[quote author=Nightmist link=topic=983.msg5089#msg5089 date=1183540520]
1. Brute Force every single possible mix of actions for the first 3 rounds (1-3).
1(a). In the event of expected death before 3 rounds then stop that particular branch to save computing time.
1(b). Remove any entries that extend for over 3 rounds.
1(c). If all combat strats extends for over 3 rounds then throw a abort error?
[/quote]
Glad to see someone taking a closer look.

That's pretty close. It has a couple of special initial actions (steal, Entangling Noodles) which it treats as special, so it really kind of checks 1+3 actions deep.
Just like a KoLmafia custom combat script, the simulator (and, later, the strategy executor) will loop on the last action until the battle ends with victory or defeat. So it doesn't actually need it to cause death within 3 rounds -- it just needs to settle down so that the last action can be repeated to beat the monster. For example, if you have high moxie but a low-damage attack, the script could find "Disco Face-Stab, attack" as a strategy even if it takes 15 rounds of attacks to whittle away the monster's HP.
Pruning the search tree is very important to keep it running fast. While it's searching it keeps track of the lowest-cost winning strategy that it's found. As it's simulating it may cut a simulation short (and prune that whole branch of the search tree) if it's clear that everything in the branch will be more expensive than that lowest cost. That's when the "getting too expensive" debug message is shown. For example, if it knows "Entangling Noodles, Stream of Sauce, Stream of Sauce" at 9MP is a working strategy, then it will not bother to explore "Weapon of the Pastalord" plus anything because it can see that the MP cost of WotP immediately makes that whole branch more expensive.

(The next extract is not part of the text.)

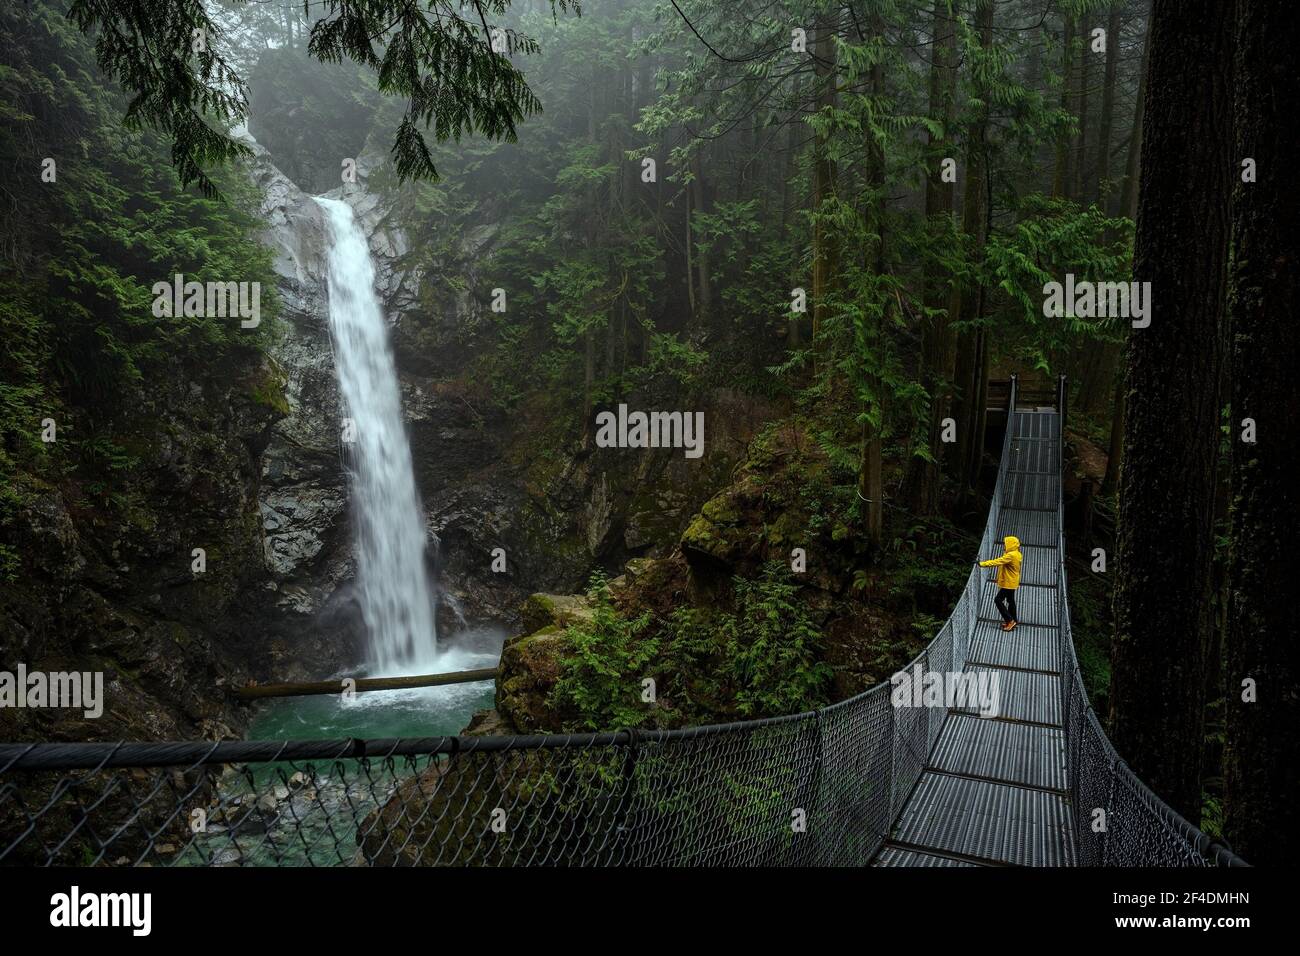 Woman in yellow rain jacket standing on a suspension bridge and watching the Cascade falls, in Cascade falls regional park, Deroche, British Columbia, Stock Photo

The pruning is enhanced by sorting the actions by MP cost, and iterating over them from lowest-cost to highest-cost. If it considered the actions in random order with a simple foreach, it would still get the same answer, but it'd start out finding a poor strategy at first and then refine it to better strategies later. So it would prune less and ultimately search a lot more of the tree, which means it'd be a lot slower.
[quote author=Nightmist link=topic=983.msg5089#msg5089 date=1183540520]
2. Find the Meat cost for the remaining mix of actions (actions that cause death of monster within 3 turns).
2(a). Meat cost is based off expected HP/MP losses.
3. Find the lowest Meat cost of using these actions.
3(a i). In the event of tied costs then the shortest path is taken.
3(a ii). In the event they are tied and of the same cost then the first found "winning" strat is kept and the new one is dropped.
4. Use the first action of the winning strat in a single round of combat.
5. Take the response from the action taken then update the strat accordingly (if set to update the strat mid-battle).
5(a). If not set to update mid-battle then run the next action.
5(b). The updated search for the strat works for the next 3 rounds (2-4) and work under the same assumptions as 1 and is effectively a loop of 1-5.
[/quote]
Yup. So at every round it's looking 3 actions deep ... however, since it will loop the last action it can actually go more than 3 rounds deep in the simulation. I've tried having it search 4 actions deep but it didn't really help in most situations. It might make some sense for Disco Bandit combos, but otherwise looping on the last action is usually sufficient.
For the second and later rounds, it already knows its old strategy is probably pretty good. So it compares every candidate against that strategy's cost, which again usually leads to a lot of pruning and a fast search.
The code isn't super-clean everywhere -- there's a lot of it, and there are some vestiges of different approaches that I tried and abandoned scattered in there. It's kind of overdue for a total rewrite at some point once the NS13 dust has settled.